J Imaging Inform Med. 2026 Jun 11. doi: 10.1007/s10278-026-02044-5. Online ahead of print.

ABSTRACT

As a low-dose portable imaging technology, chest X-ray (CXR) is widely used for the screening of lung diseases, including COVID-19. However, existing deep learning methods for CXR-based COVID-19 detection and common pneumonia recognition still face the challenge of limited discrimination, partly because it is difficult to effectively integrate fine-grained local lesion information with global spatial context. To address this problem, we propose a triple neural network framework based on Mixture of Experts (TriNet-MoE) for CXR-based COVID-19 detection. Specifically, TriNet-MoE integrates ResNet34 for basic local features, ResNet50 for higher-order local semantics, and a Vision Transformer for global context to form a mixture-of-experts model. Then, a three-stage cross-attention mechanism, Cross-Attention Synergy (CA-Synergy), is designed to enable hierarchical feature interaction among experts, including complementary local feature mining between the ResNet dual branches and bidirectional information exchange with the ViT, aiming to obtain more discriminative fusion features. In addition, a dynamic decision mechanism, MoE-Intelligent Linked Feature Collaborator (MoE-ILFC), is introduced to adaptively fuse expert features based on the input content.
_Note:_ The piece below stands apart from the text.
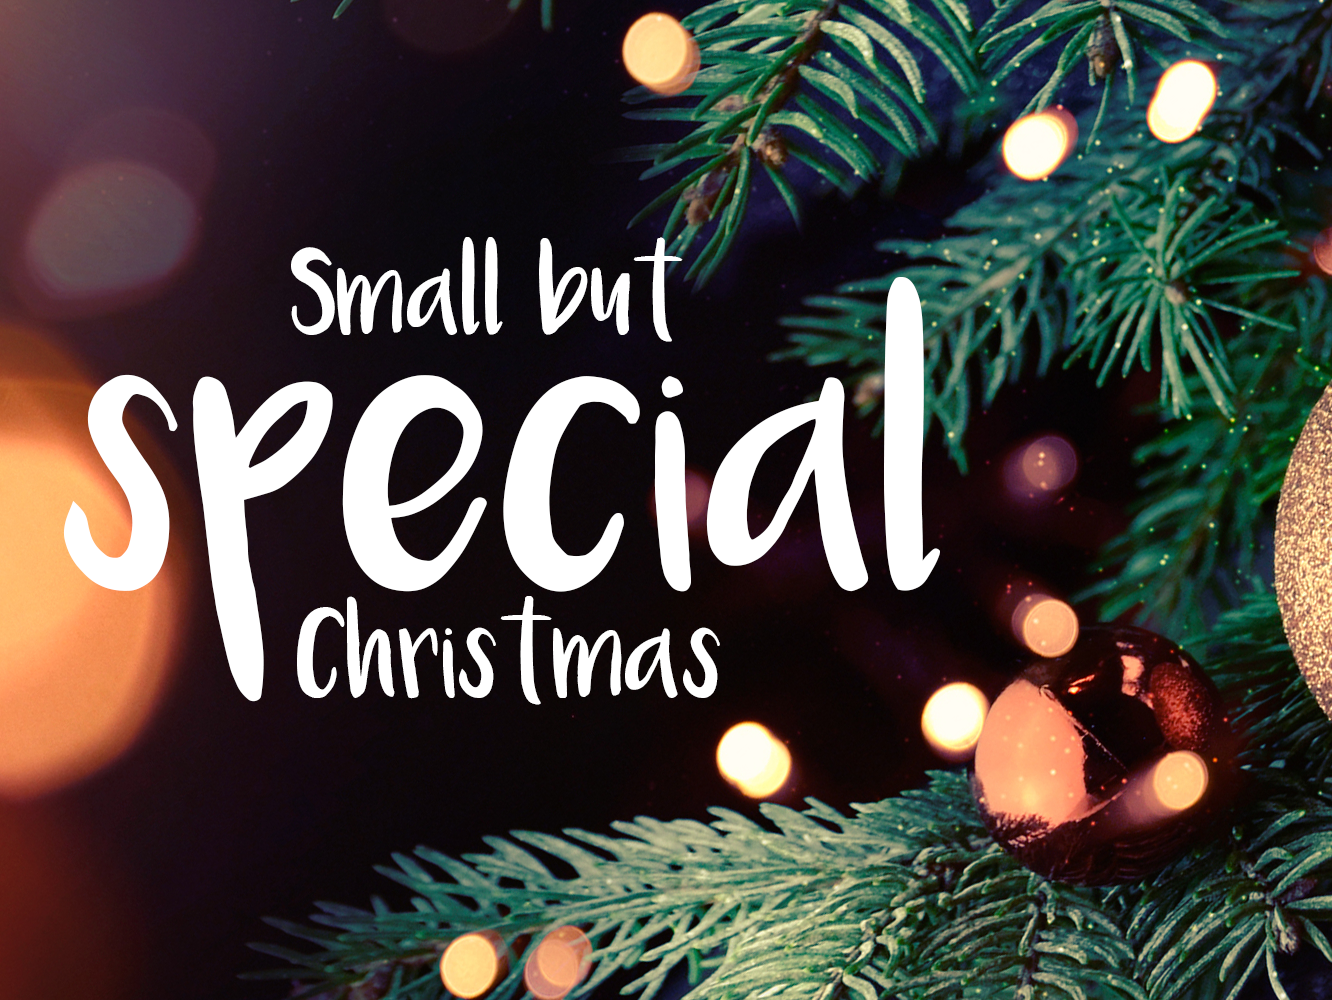 Have yourself a small but special Christmas

Experiments on the DLAI3 and COVIDx datasets show that TriNet-MoE achieves accuracies of 98.73% and 98.78%, respectively, consistently outperforming representative baselines under the same experimental settings. Additional statistical evaluations across multiple runs demonstrate stable performance improvements, while cross-dataset experiments further validate the generalization capability of the proposed framework under domain shifts. Visualization analyses, including Grad-CAM activation maps and gating weight distributions, provide qualitative insights into how TriNet-MoE for robust COVID-19 detection.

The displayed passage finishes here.